By the final draft decision forwarded to the Economic and Social Council for adoption, the Permanent Forum approved the draft provisional agenda for its seventh session and decided that its special theme would be on “climate change, bio-cultural diversity and livelihoods; the stewardship role of indigenous peoples and new challenges”. It also decided that its traditional half-day session would next year be devoted to respective discussion on the Pacific region and on indigenous languages (document E/C.19/2007/L.11).
The Forum’s reports and recommendations, including oral amendments, were presented by Rapporteur Michael Dodson of Australia, and Wilton A. Littlechild of Canada.
Summing up the Permanent Forum’s work this year, Johan Schölvinck, Director of the Division for Social Policy in the Department of Economic and Social Affairs called the Forum a “celebration of the world’s cultural diversity”, in that it had seen extremely rich participation from some 1,500 representatives from indigenous peoples’ organizations, non-governmental organizations and academia, some 30 United Nations system and other intergovernmental organizations, about 70 Member States and some 30 indigenous parliaments.
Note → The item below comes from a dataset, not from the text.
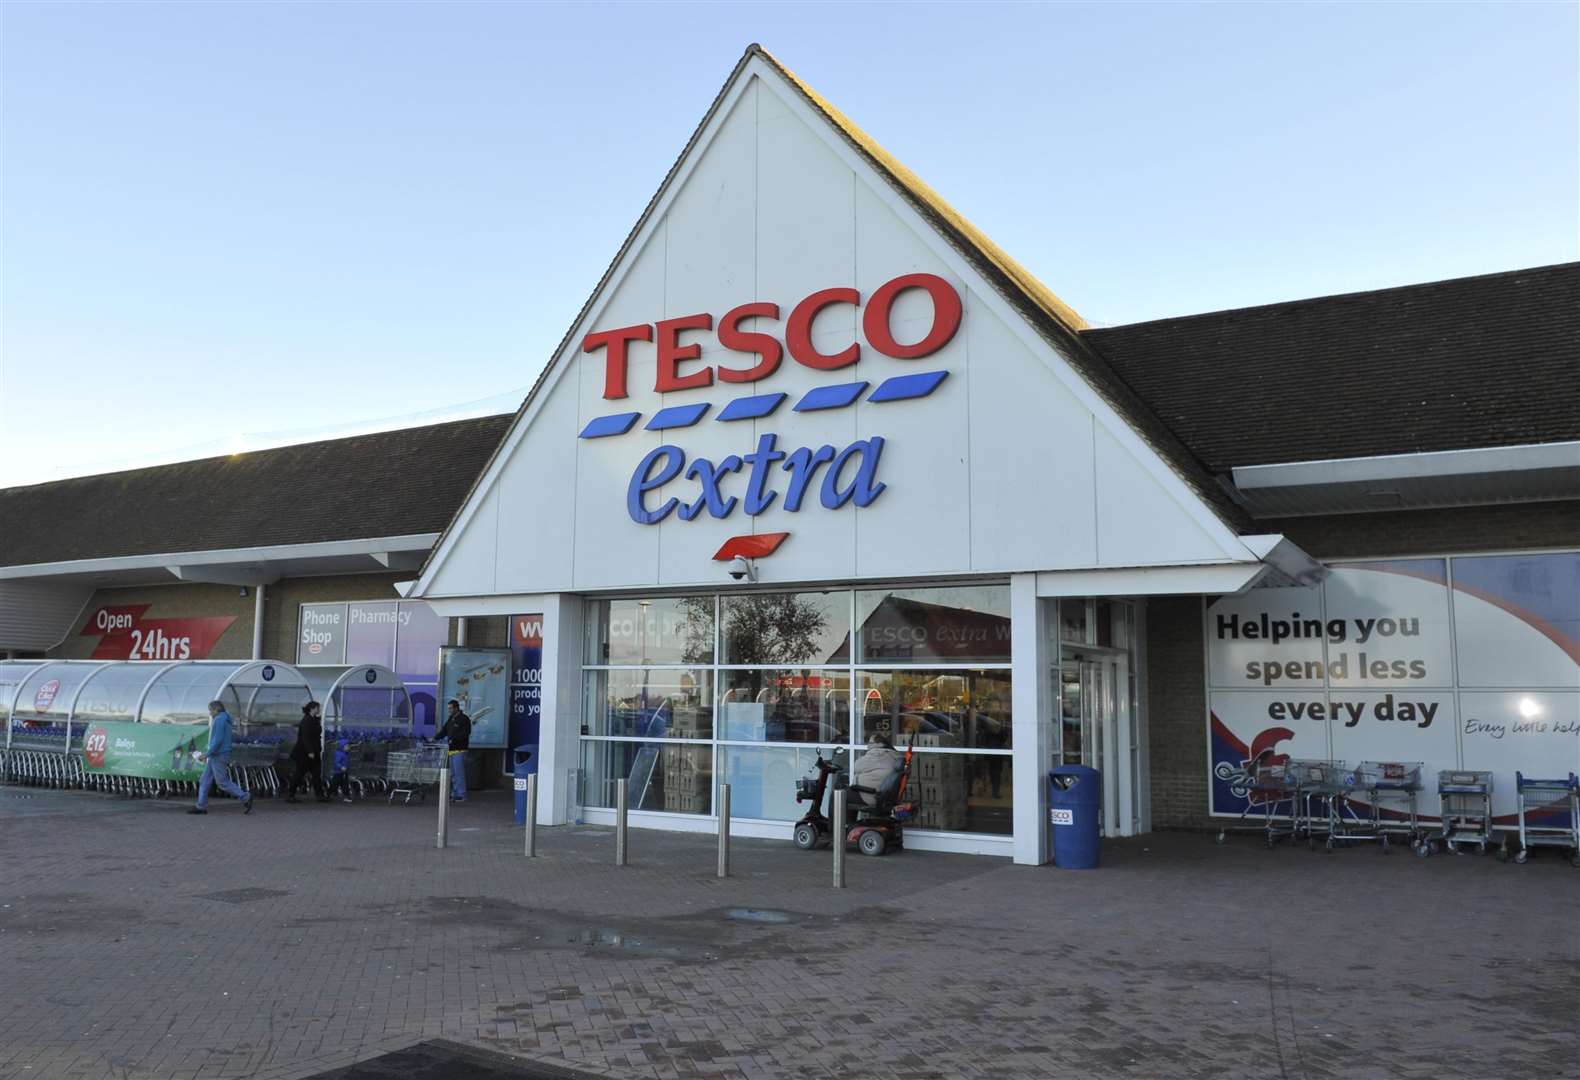 The ups and downs of Tesco in Kent as it celebrates 100 years

The Permanent Forum was not just an event; rather “a tribute to our human efforts of partnership” that offered the opportunity for inspiration, he said.
The meeting was opened sombrely this morning by Liam Ridgeway, who, on behalf of all Australian Aboriginal delegations that had participated in the Forum’s work, called for a moment of silence to commemorate the fortieth anniversary of Australia’s 27 May 1967 national referendum affecting the Australian Aboriginal and Torres Strait Islander populations.
While that referendum had been a “fantastic win” for the Aboriginal movement, it had not delivered all that was hoped to Australia’s indigenous peoples. Most importantly, it had not given them Australian citizenship and neither had it given them the right to vote in federal elections. Australia’s indigenous people “still have a long way to walk in our struggles to be treated as equal”, he said, calling for a moment of silence to honour the anniversary, as well as all indigenous people who suffered from the adverse impacts of colonization and Government policy.
In closing remarks, Ms. Tauli-Corpuz said she was happy to finish the sixth session without any major crises. “Because we trust each other and have worked well together”, the Forum had shown that it could resolve any problem, no matter how difficult, she said.
The Forum had gathered at an historic moment of the imminent adoption of the Declaration on the Rights of Indigenous Peoples, she continued. Despite difficulties, the energies brought to bear on the Forum’s topics by indigenous peoples had shown that they would do whatever it took to create success. She hoped the Human Rights Council version of the Declaration would be adopted. The number of participants present was an indication that problems at home remained.
She expressed deep appreciation to all Forum members and other colleagues for their tireless efforts in ensuring that the session ended in a successful manner, and urgently appealed to Governments to pass the Declaration before the end of the sixty-first session. She closed her remarks with a traditional Igorot chant.
Adelard Blackman, the Special Emissary for the Buffalo River Dene Nation, ended the session with a prayer for unity and a song.